Run uperf latency test:
[ec2-user@ip-10-10-5-145 uperf]$ export h=10.10.2.207
[ec2-user@ip-10-10-5-145 uperf]$ export proto=TCP
[ec2-user@ip-10-10-5-145 uperf]$ uperf -m workloads/netperf.xml -a -e -p
…
Txn Count avg cpu max min
--------------------------------------------------------------------------------------------------
Txn0 1 2.67ms 0.00ns 2.67ms 2.67ms
Txn1 46138 650.44us 0.00ns 201.36ms 542.42us
Txn2 1 22.06us 0.00ns 22.06us 22.06us
Run uperf throughput test:
[ec2-user@ip-10-10-5-145 uperf]$ uperf -m workloads/iperf.xml -a -e -p
Starting 8 threads running profile:iperf ... 0.00 seconds
Txn1 0 / 1.00(s) = 0 8op/s
Txn2 17.57GB / 30.23(s) = 4.99Gb/s 76208op/s
Txn3 0 / 0.00(s) = 0 0op/s
--------------------------------------------------------------------------------------------------
Total 17.57GB / 32.33(s) = 4.67Gb/s 71252op/s
IV. Conclusion
Below is a summary of our obtained results:
| Env | Test description | Latency | Throughput |
|---|---|---|---|
| OCI | Test between two instances, Same AD | 71.45us | 9.79GB/s |
| AWS | Test between two instances, in same Placement group, same AZ | 70.79us | 9.79GB/s |
| AWS | Test between two instances, in different Placement group, same AZ | 197.06us | 8.27GB/s |
| OCI | Test between two instances, different AD | 696.85us | 9.79GB/s |
| AWS | Test between two instances, different AZ | 650.44us | 4.99GB/s |
The configuration of AWS with the Placement group applied performed very similar to OCI running two instances in the same AD.
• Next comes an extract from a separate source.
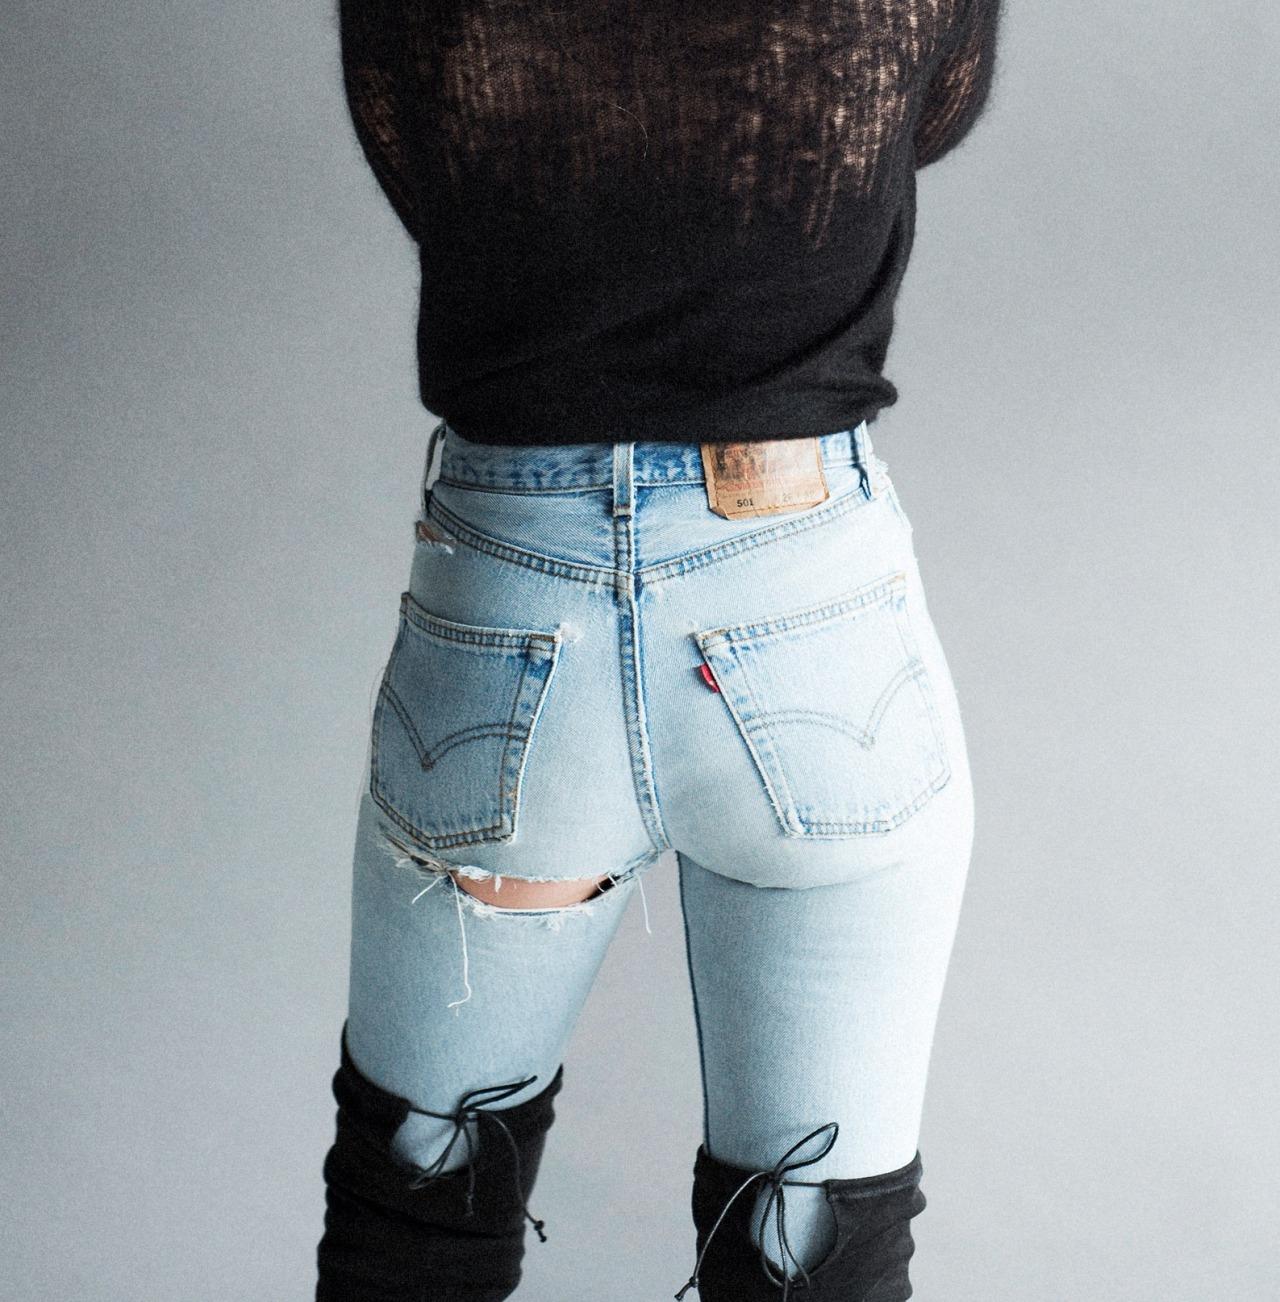 【着尻エロ画像】脱ぎにくそう…ジーンズ履いてラインが明確な着衣尻www 10

Removing the AWS placement group increased latency significantly and shaved off about 10% of throughput.
Cross AZ/AD traffic added more latency, which was expected, but cross AZ also decreased
throughput in AWS – which was rather un-expected. Potential causes for this could be examined in a future blog.